This PR did not help on my side to fix the issue. This might due to different GPU, for me that's Max 1100, for @xytintel that's 1500

Gradually commenting out the kernel code, I isolated the hang to this item.barrier() call:

https://github.com/intel/torch-xpu-ops/blob/229a887eaff94557a1960eb6d74d19014e5db289/src/ATen/native/xpu/sycl/BatchNormKernels.cpp#L1877

dvrogozh commented 1 month ago

@xytintel : On my side hang is associated with this early exit from the kernel: https://github.com/intel/torch-xpu-ops/blob/151a19e10bea64a3484bd36ae70476c5c5e289ed/src/ATen/native/xpu/sycl/BatchNormKernels.cpp#L1913 If synchronization barrier with exit (see below) is added before this check, there is no hang. If added afterwards - there is a hang.

    //item.barrier(sycl_local_fence); return;  // NO HANG
    if (c_offset >= stride_ || m_offset >= reduction_size_) {
      return;
    }
    item.barrier(sycl_local_fence); return;  // HANG

Interesting that CUDA kernel is basically the same, it has same check and similar synchronization code. I wonder, is there a difference on how synchronization works in CUDA and SYCL? does CUDA synchronizes all remaining threads while SYCL synchronizes all initially scheduled threads and since some exited earlier we get a hang?

https://github.com/pytorch/pytorch/blob/156ca01e51f766b1b069c5c6f3d57112a5c8f9ff/aten/src/ATen/native/cuda/Normalization.cuh#L1199

dvrogozh commented 1 month ago

Ok, looked into documentation and had few offline discussion.

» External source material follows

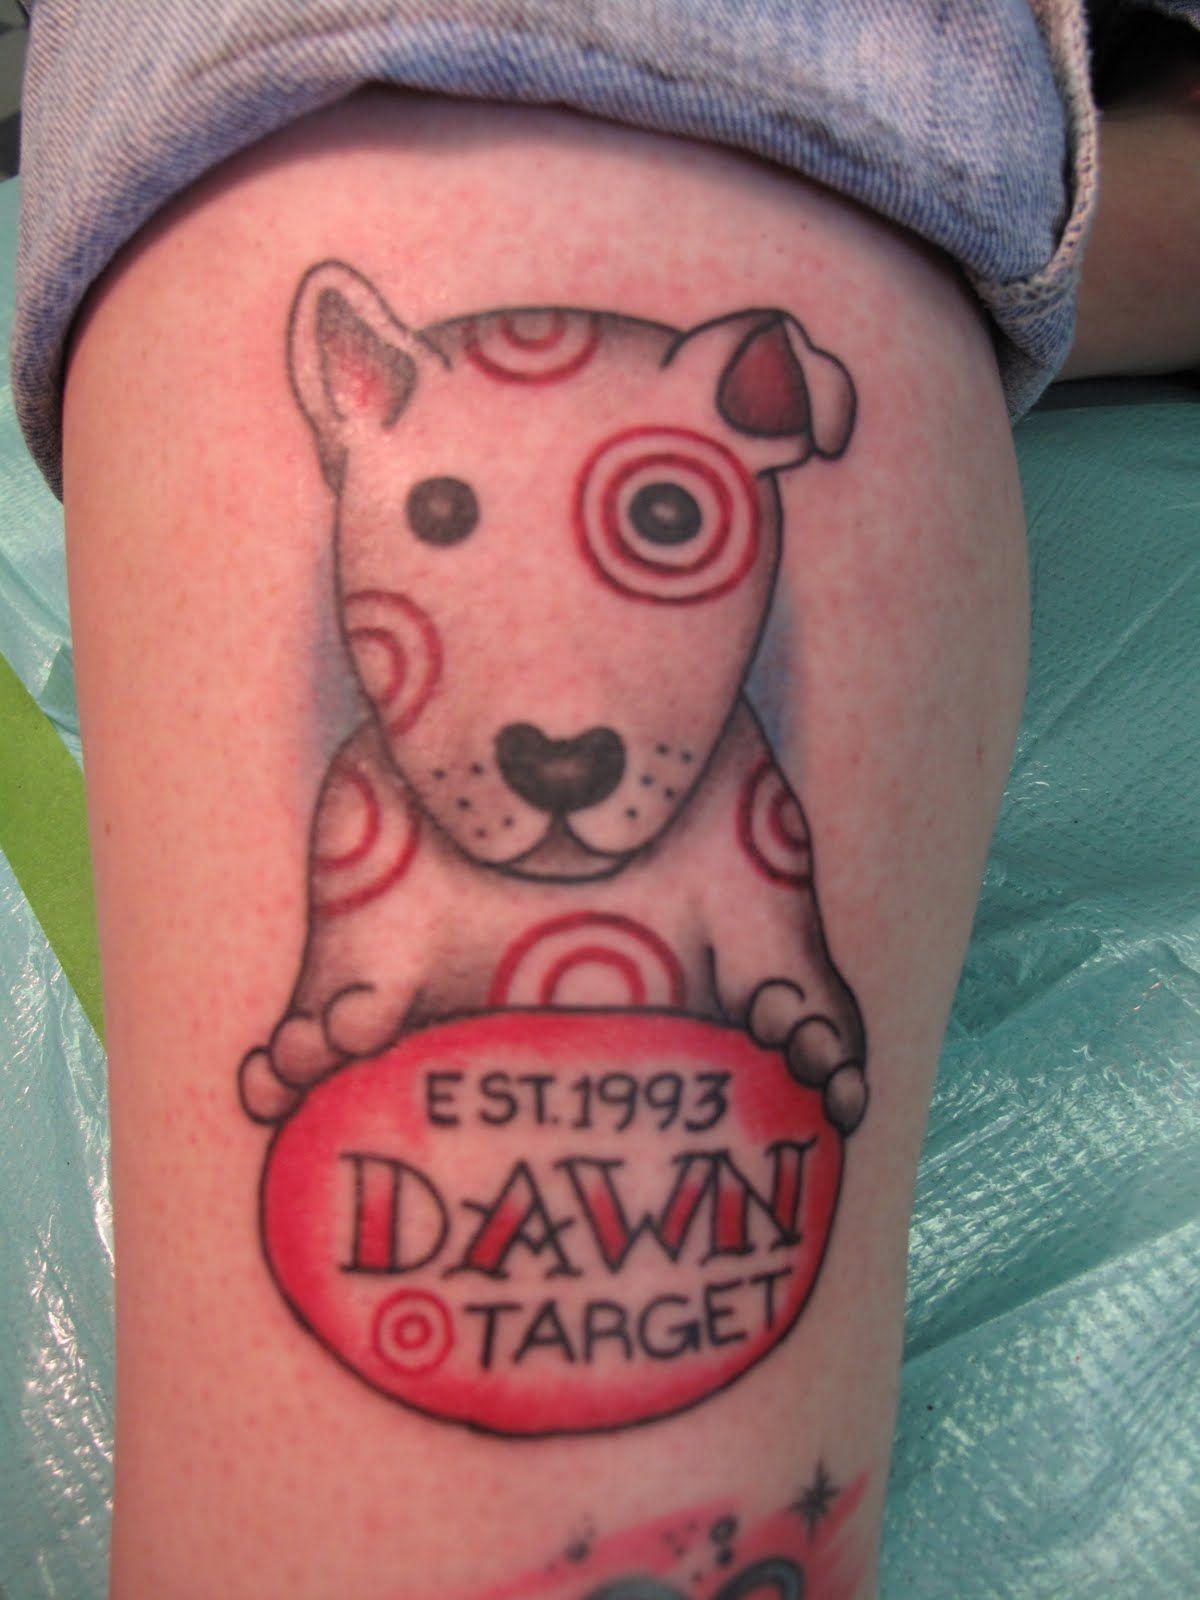 Est 1993 Tattoo Designs : tattoo, designs, Target!, Tattoo, Designs,, Tattoos,, Arrow
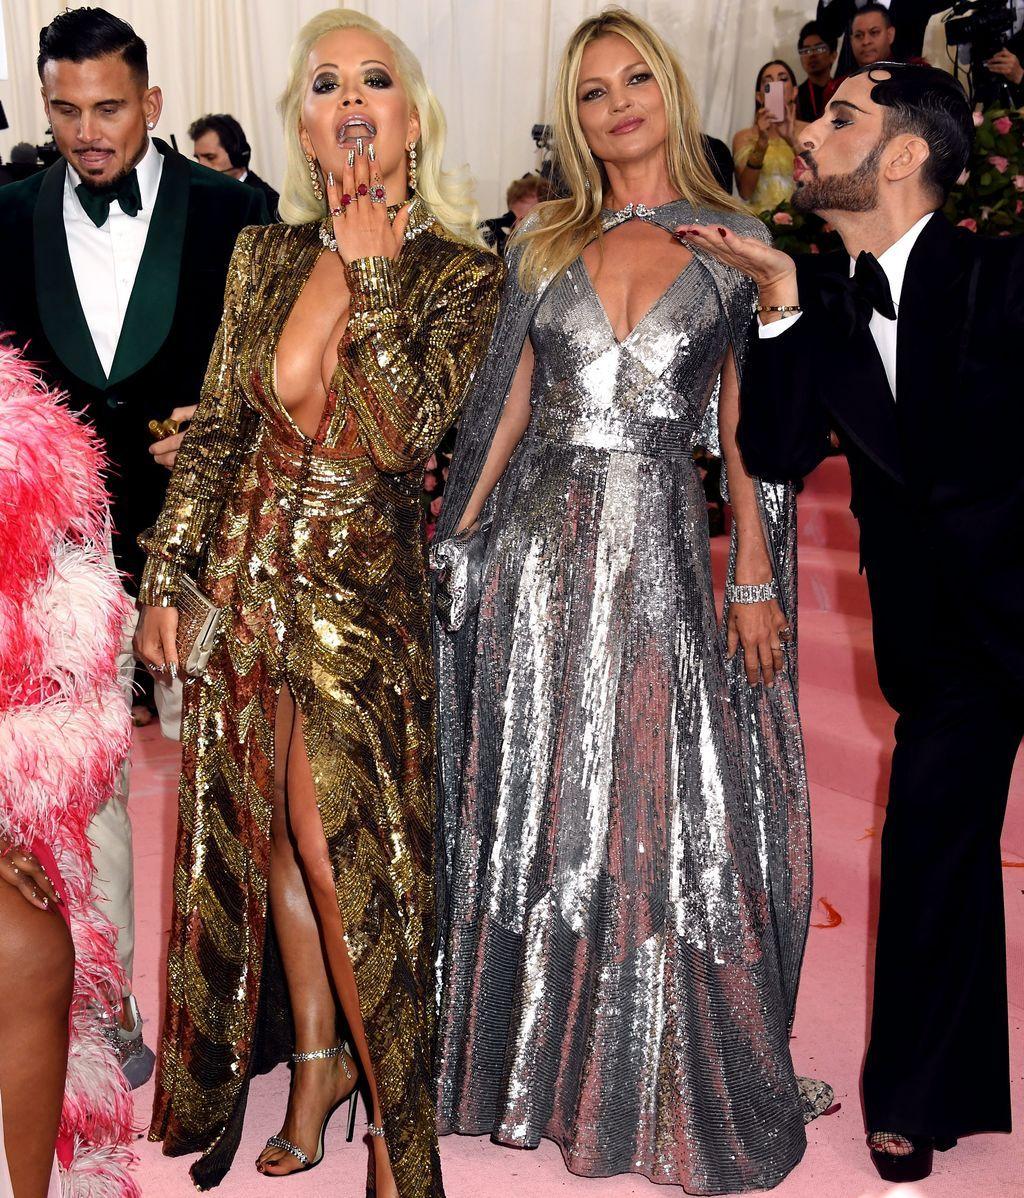 Rita Ora y Kate Moss con vestidos de lentejuelas de Marc Jacobs

Summary below.

On NVidia GPUs __syncthread() barrier does not consider exited threads, i.e. early exit is allowed. See here: _"Starting with Volta, the CUDA built-in __syncthreads() and PTX instruction bar.sync (and their derivatives) are enforced per thread and thus will not succeed until reached by all non-exited threads in the block"_
SYCL nd::item::barrier() strongly requires all scheduled threads to arrive to barrier otherwise there will be hang. Some fixes to address this are considered, but they require HW changes which don't exist on PVC. Bottom line - we need changes in kernel or threads scheduling logic to address this on Arc/PVC in any case. On some later platform nd::item::barrier() might just work and this case might be handled with diverged (per platform) kernel logic.
Logic to calculate work group size is basically the same between XPU and CUDA. Important part here is that sizes are not aligned with input stride and reduction_size, so the early exit condition is rightfully hit.
There is a proposal for the named SYCL barrier, see https://github.com/intel/llvm/blob/sycl/sycl/doc/extensions/proposed/sycl_ext_oneapi_barrier.asciidoc. But it is 1) not currently implemented, 2) might come with performance hit on current HW. Thus, can't be used now and need to be careful in the future.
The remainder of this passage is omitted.